Hamdi’s signature kebab—deceptively simple; deeply juicy—anchors the menu, but other dishes will rotate monthly. J. Kenji López-Alt’s Insta photos from a recent practice-run lunch are so appealing, you basically want to stagger into your screen.

Güldal and Schult took over the former Tarsan i Jane space at 4012 Leary Way, a worthy predecessor for a kitchen that runs on fire, with no gas or electric range. Right now they’re waiting for a few key items to arrive via the pandemic supply chain. “It’s all up to the tables and chairs,” says Güldal. They’re hoping to be open for dinner by the end of September. I’m especially excited about the couple’s longer-term plans for Turkish-style brunch.

Incredibly, the couple first came to Seattle to do a three-day guest chef stint on the sidewalk in front of Hitchcock in 2021 (they came at the invitation of Grant Rico, another SingleThread alum). Owner Brendan McGill helped fabricate a spit so they could roast lamb; McGill later gifted them the custom rig when they decided soon after to move to this heretofore unfamiliar city. The spit won’t be gathering dust once Hamdi opens; Güldal still plans to do a whole lamb roast on occasion, perhaps monthly.

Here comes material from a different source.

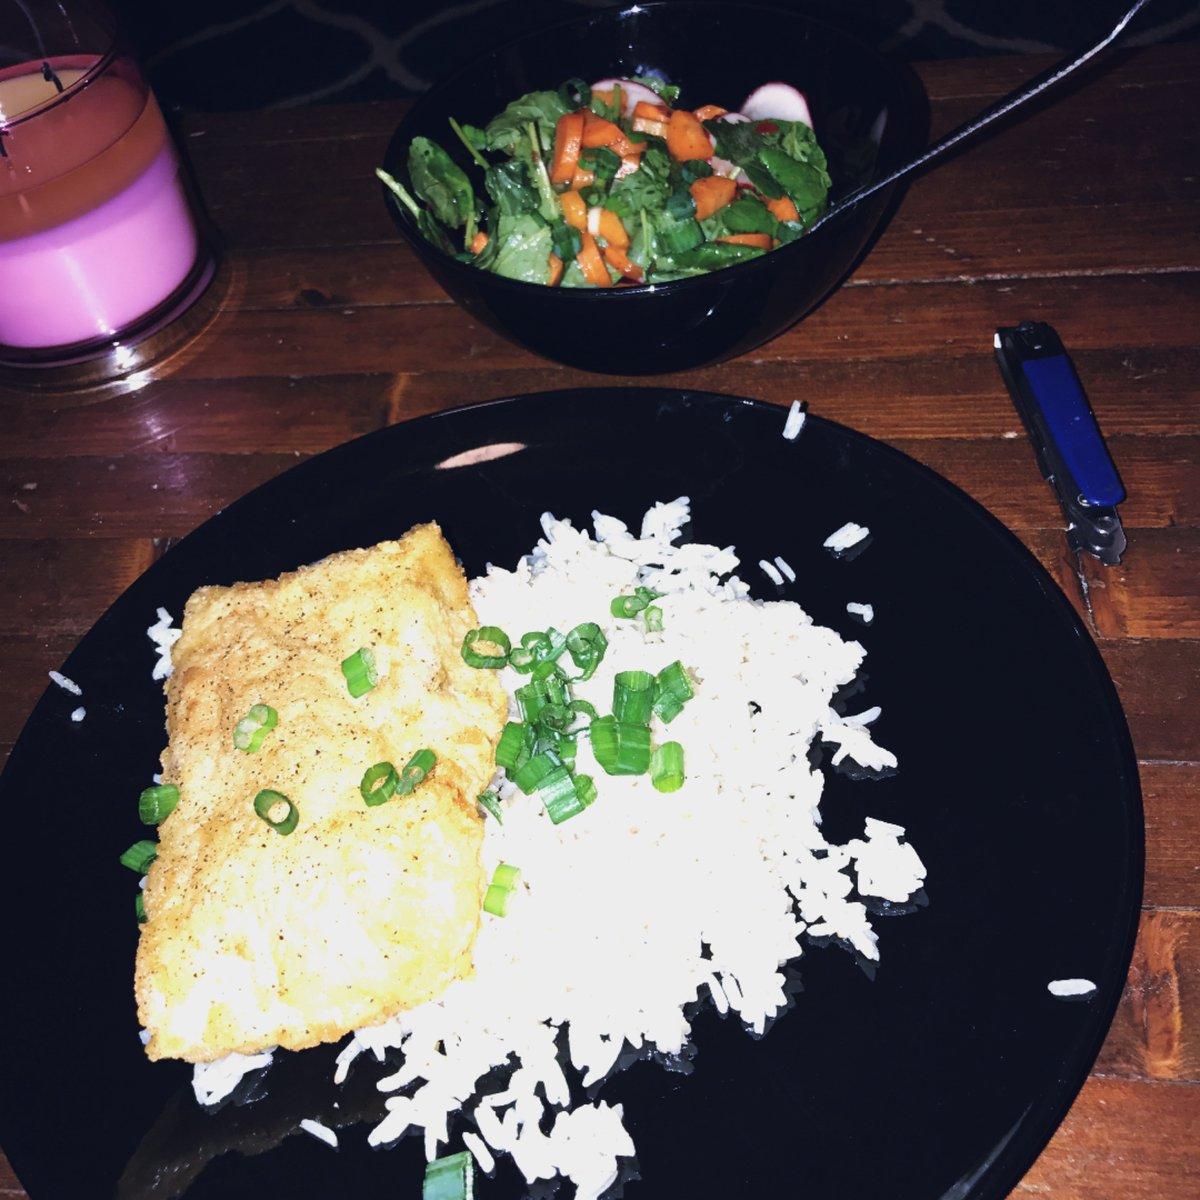 Blue apron tempura cod - Tempura Fried Cod With Thai Style Vegetable Salad Jasmine Rice Blueapron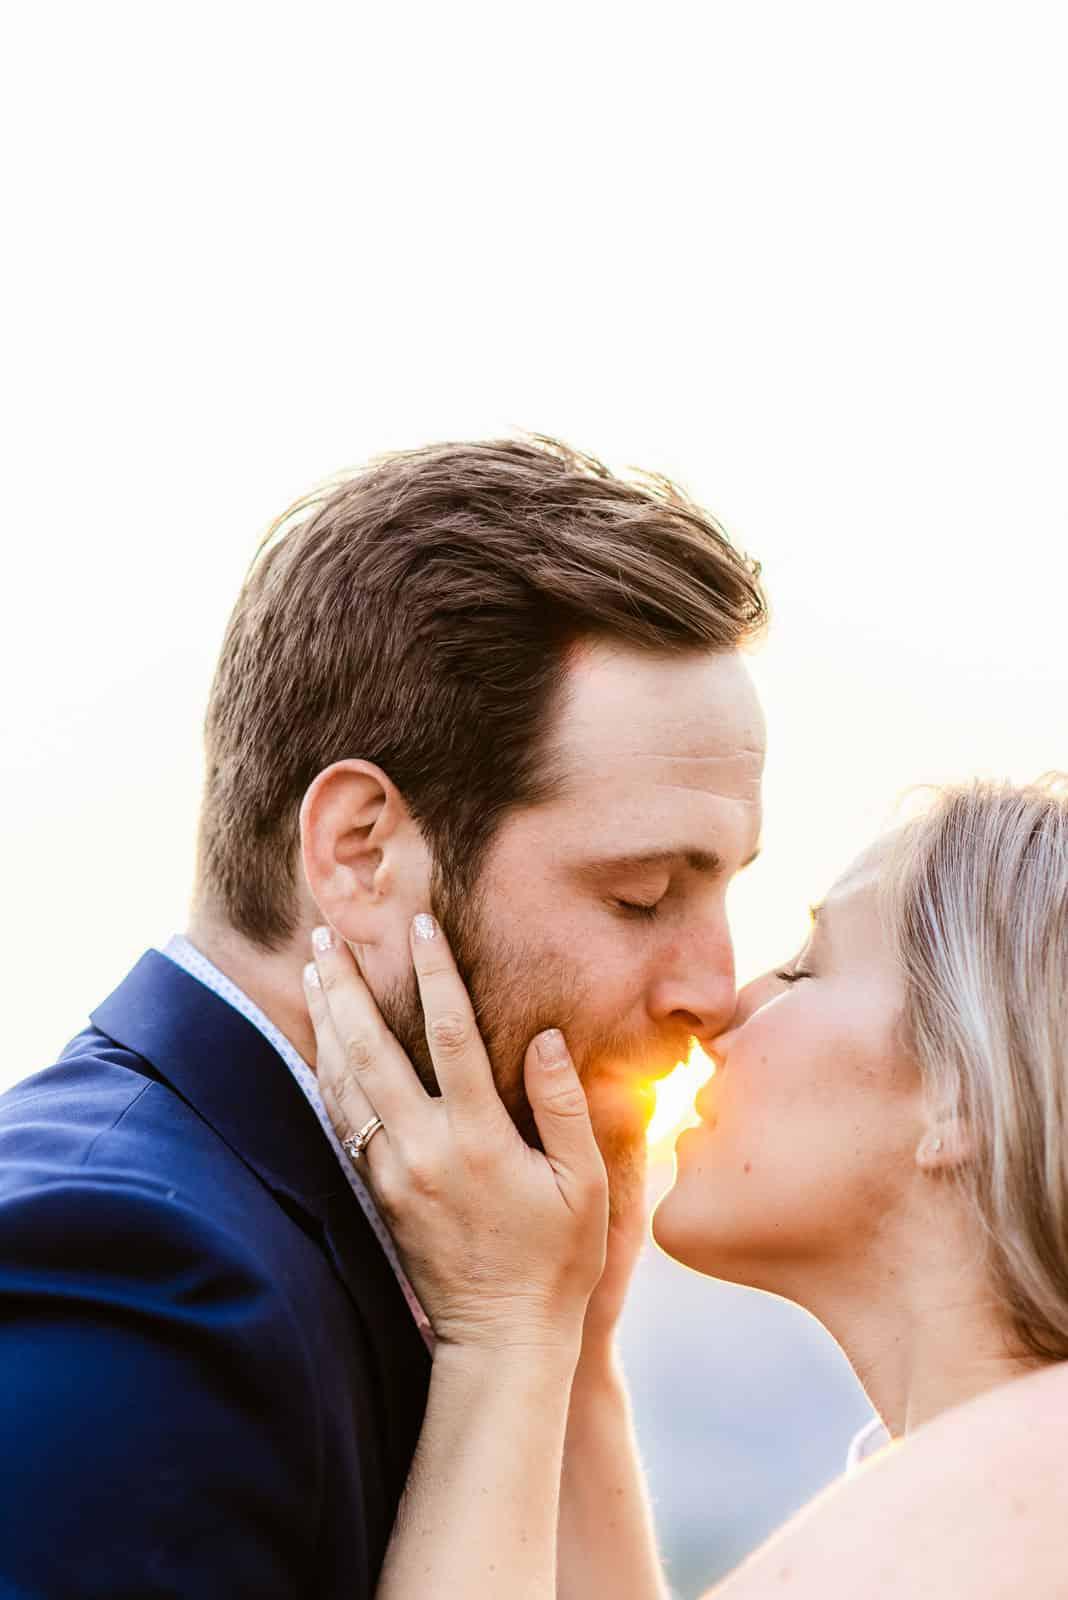 Romantic Elopement | Josie V Photography

Dreams do come true. When Sun and Erin Hong closed their lunch counter, By Tae, in early 2021, there was talk of moving on “to find our new home.” This can be the restaurant version of telling an acquaintance, “we should really hang out”—even noblest intentions seldom materialize into reality. But the Hongs have made good on their promise. They’ve taken over the former Tippe and Drague spot on Beacon Hill. I love this funky little freestanding building, with a roofline that’s almost crenellated. But not as much as I love Sun Hong’s food.

Back in the Chophouse Row days, Hong served hand rolls from an eight-seat counter, hidden in the heart of the building. The former Bar Ferdinand chef would usually freestyle a few bites in between rolls, each one as impeccably fresh as the main event. Suddenly it made perfect sense to rearrange your entire schedule so you could write your name on each morning’s reservation clipboard.

The new By Tae is far too big for everyone to eat out of Hong’s hand (and, hopefully, for clipboards). It’s more of a bar, with the proper name By Tae Sohn Mat (the latter part Korean for “hand taste”). The website promises grilled meats and vegetables, a bar, a yard.

That crenelated brick building at 3315 Beacon Avenue is now a glorious, unapologetic shade of turquoise. The inside now boasts booths and an L-shaped bar. The Hongs are still raising funds (dig the merch) to wrap everything up, so the opening timeline is still very TBD.